The SpeechRecognition library uses a public demonstration endpoint from Google that requires no API key. It is free but has limitations on audio duration and request volume for heavy usage.

How do I improve accuracy for technical terms or specialized vocabulary?

The free Google API offers limited control over vocabulary. For domain-specific terms, Whisper or a custom fine-tuned model will provide significantly better results.

Is there a file size limit for transcription?

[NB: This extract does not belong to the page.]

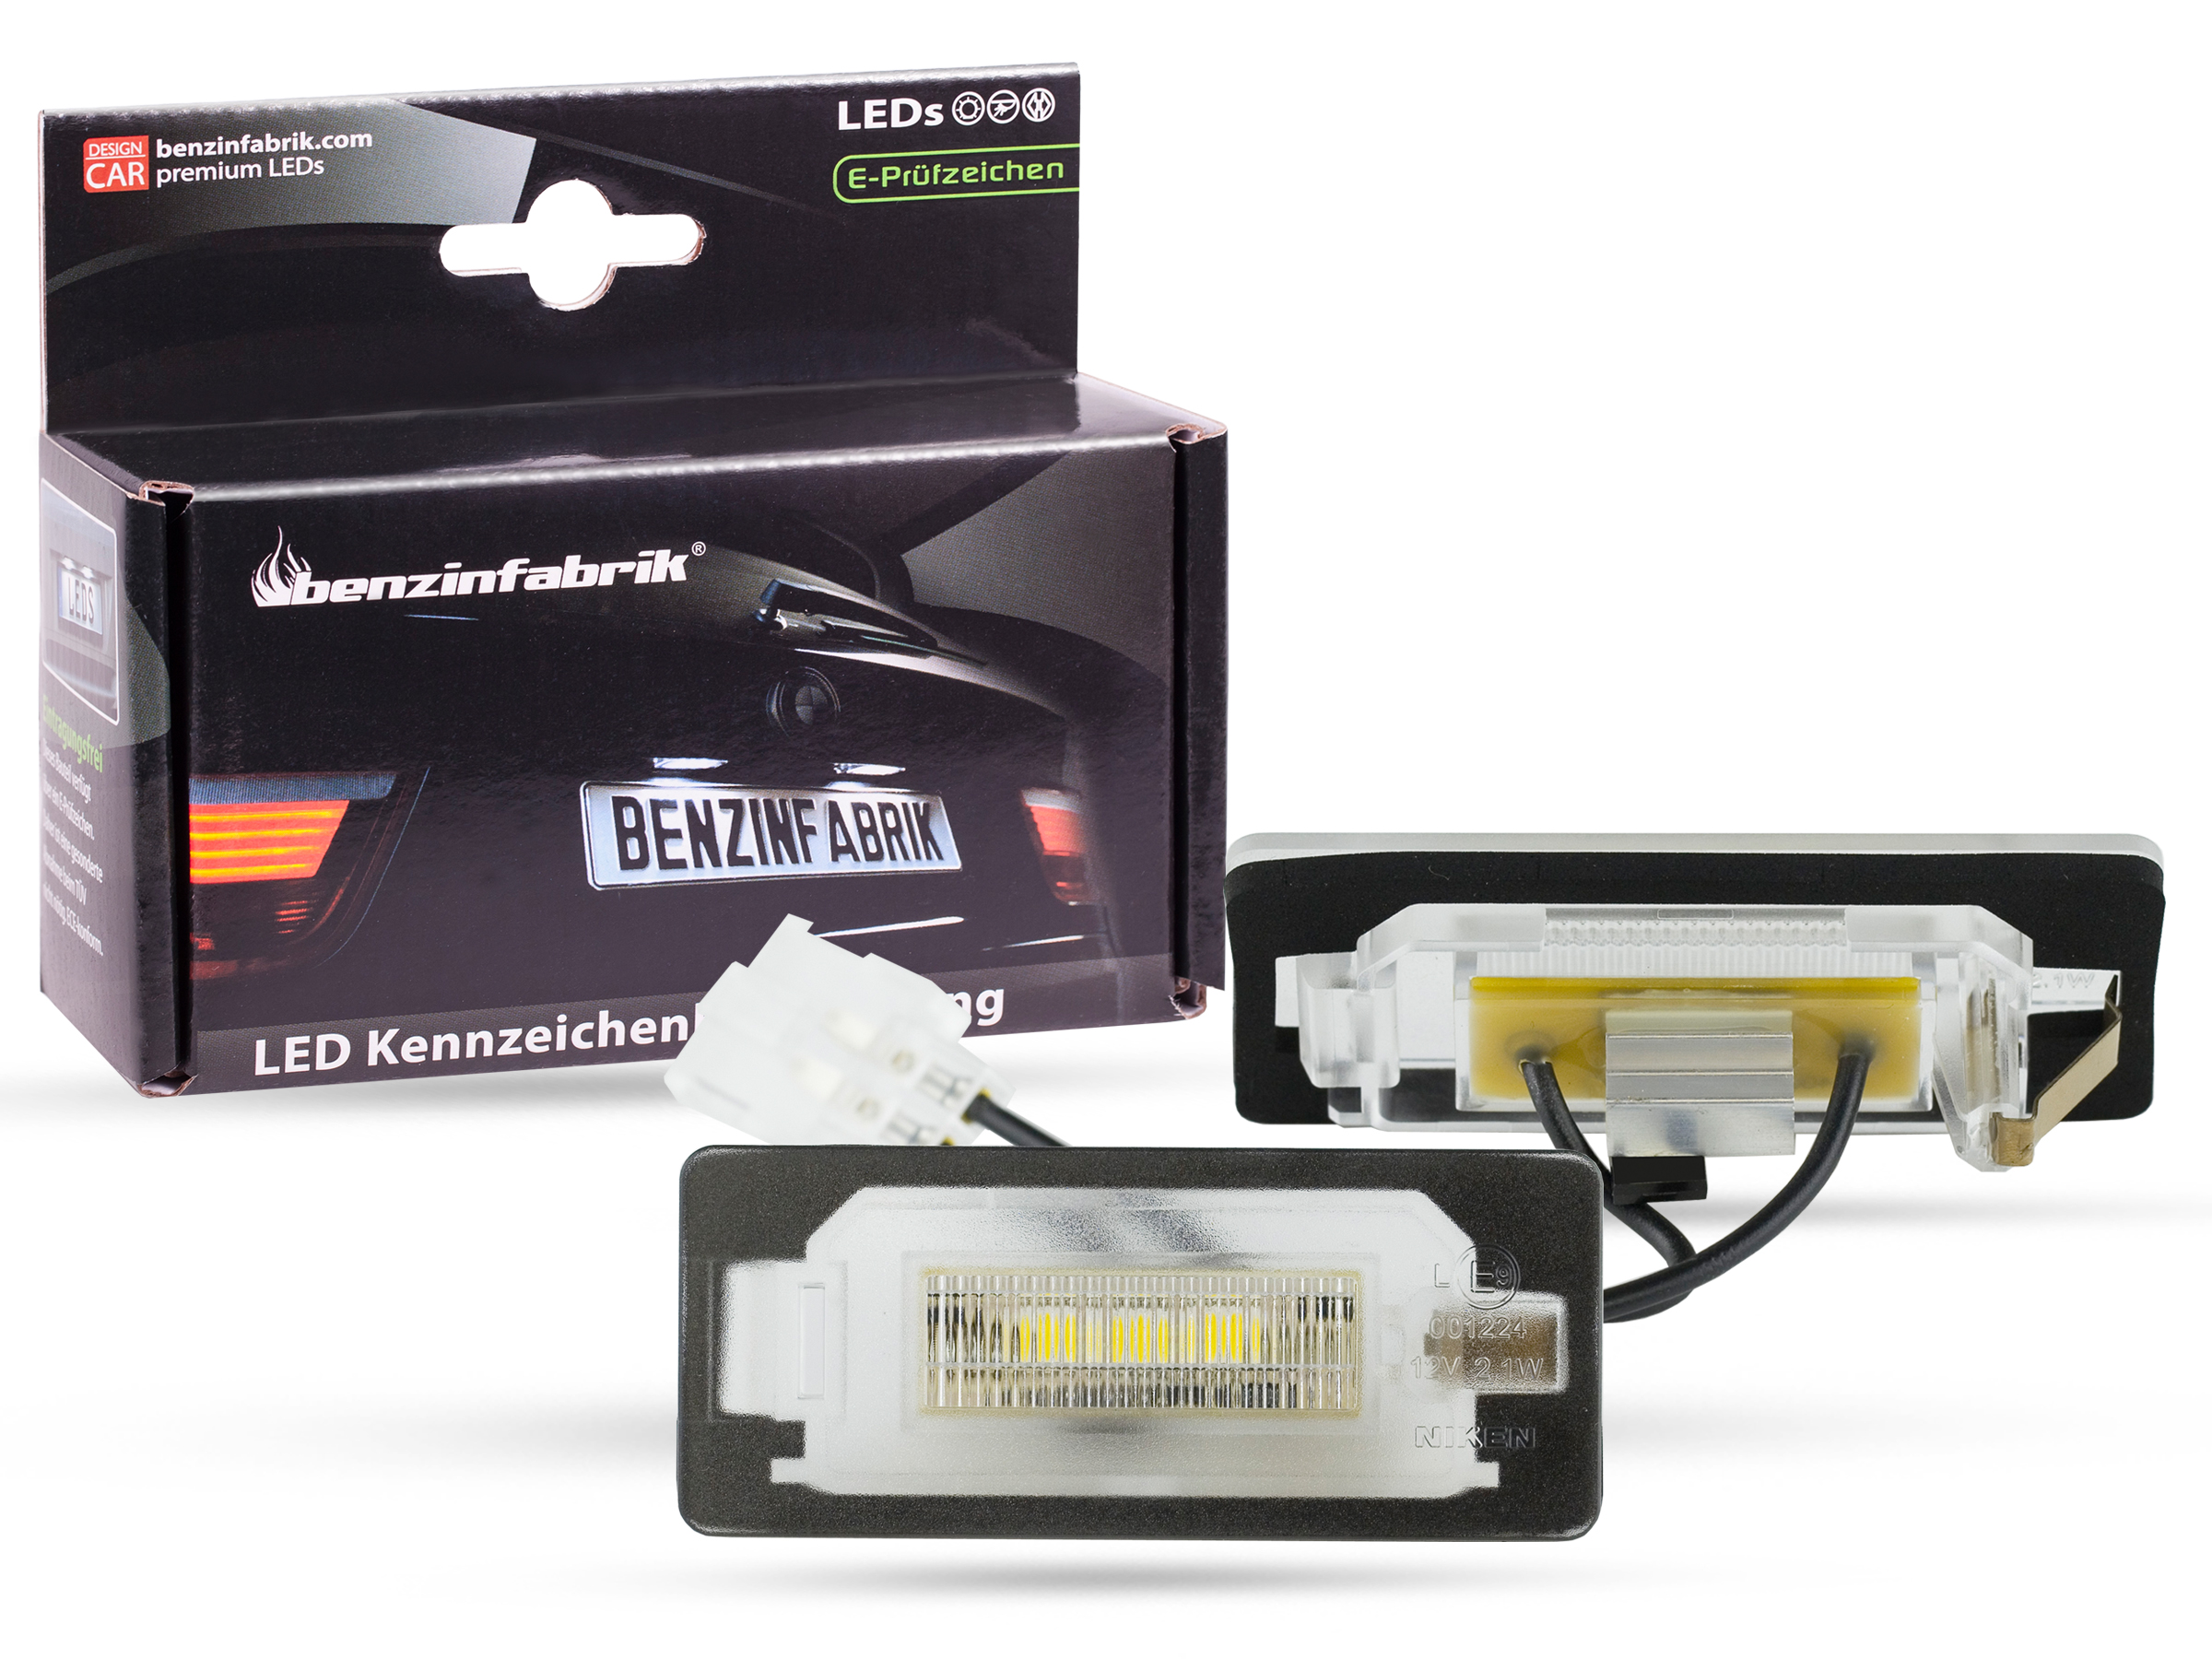 LED Kennzeichenbeleuchtung Module VW Golf 6 Variant, mit E-Prüfzeichen, LED  Kennzeichenbeleuchtung für VW, LED Kennzeichenbeleuchtung

Very large files can cause connection timeouts or memory errors. The best practice is to split long recordings into chunks of no more than 60 seconds before sending them to the recognizer.

Can I transcribe audio in real time from a microphone?

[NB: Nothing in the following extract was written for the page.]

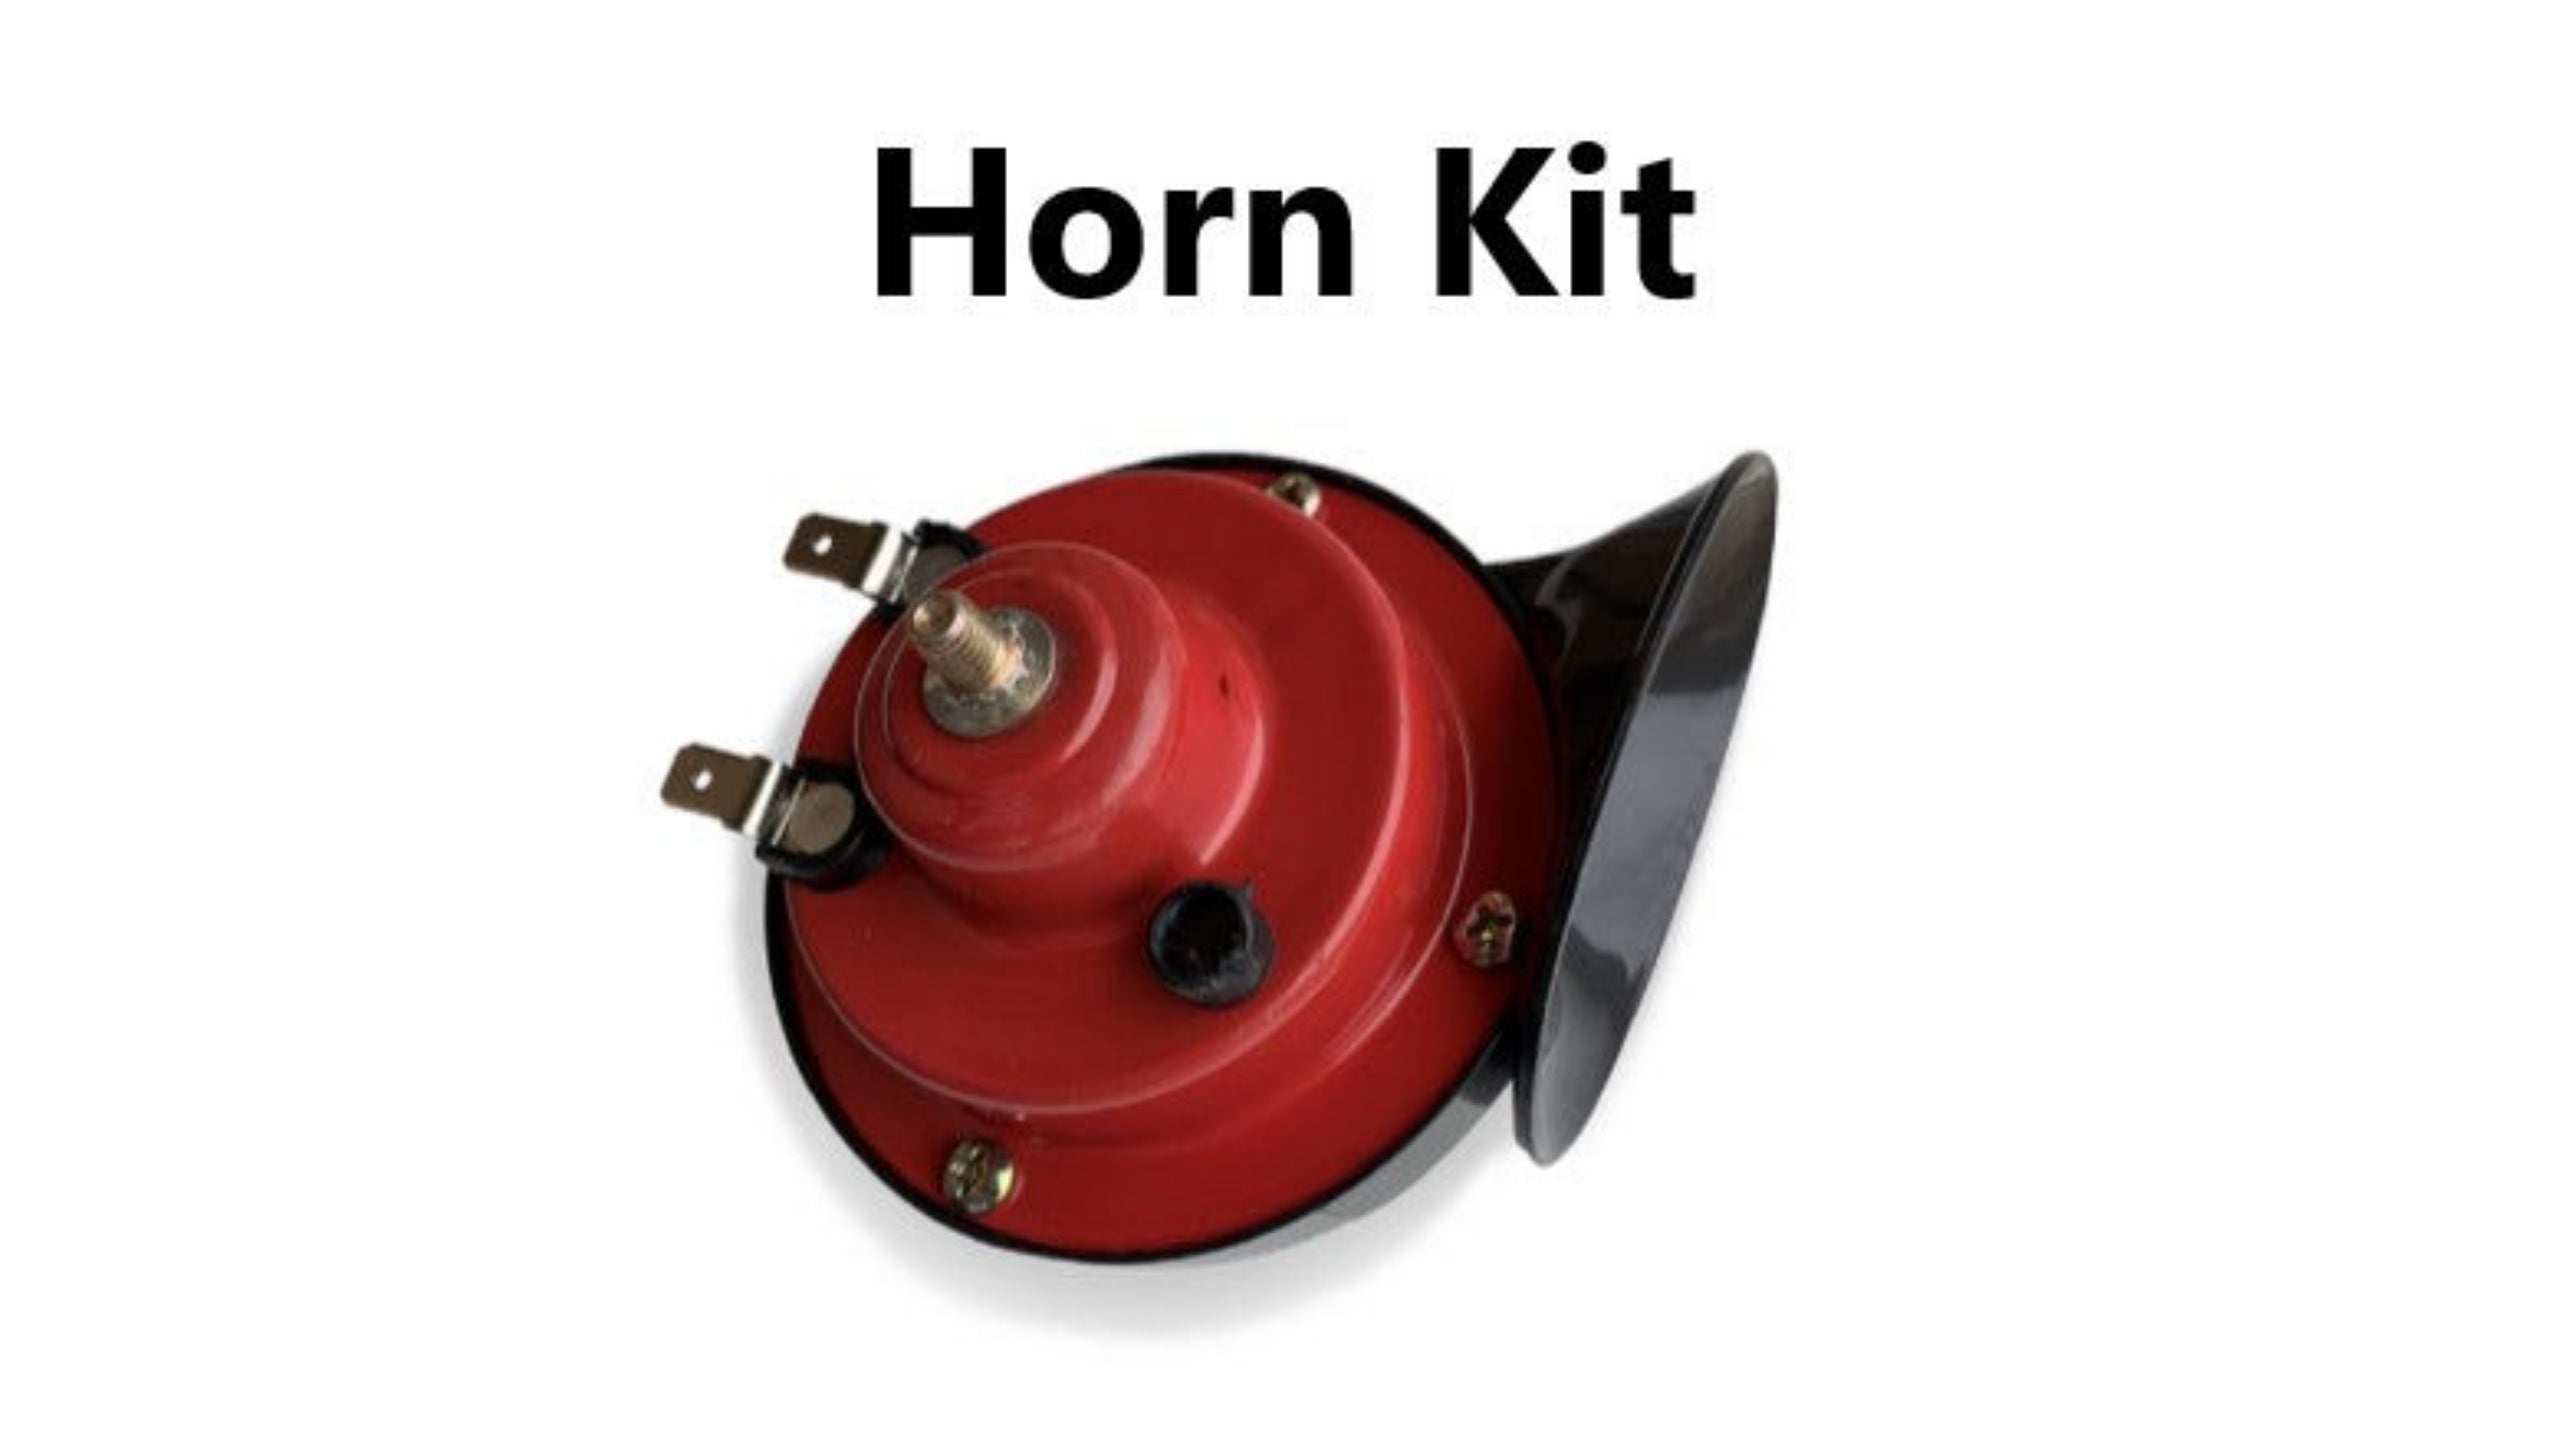 Horn kit

Yes. SpeechRecognition provides a sr.Microphone() class that captures and transcribes live audio from your input device in real time with just a few extra lines of code.

What is the difference between SpeechRecognition and OpenAI Whisper?

SpeechRecognition is an interface layer that connects to various online engines including Google’s. Whisper is a deep learning model that runs fully offline on your machine, with much higher accuracy for complex audio.

Why does my script return an UnknownValueError?

This typically occurs when the audio is too quiet, too noisy, or contains only silence during the analyzed segment. Try increasing the recording volume or improving the original audio quality before transcribing.

Do I need a powerful GPU to run Python transcription?

For the web API approach (Google), you only need an internet connection. For running Whisper locally, a GPU significantly speeds up processing, but the library works on CPU as well, just more slowly for longer recordings.

How do I save the transcribed text to a Word or PDF document?

Use python-docx to write the resulting text string into a Word document, or fpdf to generate a PDF. Both libraries accept a plain Python string as input and can be installed via pip in a few seconds.